(Records from a collection)
════════
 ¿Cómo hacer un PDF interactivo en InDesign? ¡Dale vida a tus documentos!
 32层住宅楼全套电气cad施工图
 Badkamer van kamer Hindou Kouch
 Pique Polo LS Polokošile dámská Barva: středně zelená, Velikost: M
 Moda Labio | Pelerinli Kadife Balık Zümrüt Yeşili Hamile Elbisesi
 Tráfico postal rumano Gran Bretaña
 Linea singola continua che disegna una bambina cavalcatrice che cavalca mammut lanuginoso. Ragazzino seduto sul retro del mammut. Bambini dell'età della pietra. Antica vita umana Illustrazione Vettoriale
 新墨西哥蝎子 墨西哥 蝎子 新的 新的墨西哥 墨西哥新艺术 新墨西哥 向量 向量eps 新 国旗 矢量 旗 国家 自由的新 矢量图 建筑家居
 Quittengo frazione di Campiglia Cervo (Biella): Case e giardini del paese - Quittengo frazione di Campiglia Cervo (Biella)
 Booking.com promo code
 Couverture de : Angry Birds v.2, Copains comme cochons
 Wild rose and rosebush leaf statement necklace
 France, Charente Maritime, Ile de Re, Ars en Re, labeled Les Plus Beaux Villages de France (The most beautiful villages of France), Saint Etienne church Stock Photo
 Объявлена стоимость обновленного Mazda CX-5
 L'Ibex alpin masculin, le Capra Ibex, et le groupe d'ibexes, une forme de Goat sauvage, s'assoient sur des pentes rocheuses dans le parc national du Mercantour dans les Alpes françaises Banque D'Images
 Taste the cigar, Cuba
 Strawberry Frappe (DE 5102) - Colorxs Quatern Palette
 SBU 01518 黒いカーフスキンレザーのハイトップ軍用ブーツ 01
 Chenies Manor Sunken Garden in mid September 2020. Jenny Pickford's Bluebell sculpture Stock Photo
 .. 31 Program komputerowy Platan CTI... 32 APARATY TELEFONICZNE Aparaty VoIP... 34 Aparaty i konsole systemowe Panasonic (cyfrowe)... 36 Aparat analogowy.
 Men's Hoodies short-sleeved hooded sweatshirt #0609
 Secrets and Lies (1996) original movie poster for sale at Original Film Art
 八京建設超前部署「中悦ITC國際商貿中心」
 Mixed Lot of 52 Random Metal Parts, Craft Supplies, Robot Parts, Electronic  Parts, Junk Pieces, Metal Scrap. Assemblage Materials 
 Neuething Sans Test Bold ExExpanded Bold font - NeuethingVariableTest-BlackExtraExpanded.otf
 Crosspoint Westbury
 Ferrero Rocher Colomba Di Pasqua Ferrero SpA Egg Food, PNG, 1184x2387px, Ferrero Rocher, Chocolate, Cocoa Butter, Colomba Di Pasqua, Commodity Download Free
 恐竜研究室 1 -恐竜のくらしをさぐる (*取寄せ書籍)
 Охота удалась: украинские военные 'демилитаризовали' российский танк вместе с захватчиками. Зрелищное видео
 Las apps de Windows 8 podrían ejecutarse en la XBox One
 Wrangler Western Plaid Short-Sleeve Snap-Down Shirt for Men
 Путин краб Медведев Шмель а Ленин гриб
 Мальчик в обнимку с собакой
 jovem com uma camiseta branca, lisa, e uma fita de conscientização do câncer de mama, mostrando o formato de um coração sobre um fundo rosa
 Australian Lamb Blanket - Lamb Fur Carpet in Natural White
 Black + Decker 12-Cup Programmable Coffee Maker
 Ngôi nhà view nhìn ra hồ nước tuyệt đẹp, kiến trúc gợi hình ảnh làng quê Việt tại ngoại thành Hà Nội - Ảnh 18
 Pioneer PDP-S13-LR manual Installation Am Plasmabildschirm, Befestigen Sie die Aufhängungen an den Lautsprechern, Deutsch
════════
**DIRECTIONS FOR THIS TASK**:
In the entries above, find each line containing the string "Stock" and copy it.

**SOLUTION FOR THIS PROBLEM**:
 France, Charente Maritime, Ile de Re, Ars en Re, labeled Les Plus Beaux Villages de France (The most beautiful villages of France), Saint Etienne church Stock Photo
 Chenies Manor Sunken Garden in mid September 2020. Jenny Pickford's Bluebell sculpture Stock Photo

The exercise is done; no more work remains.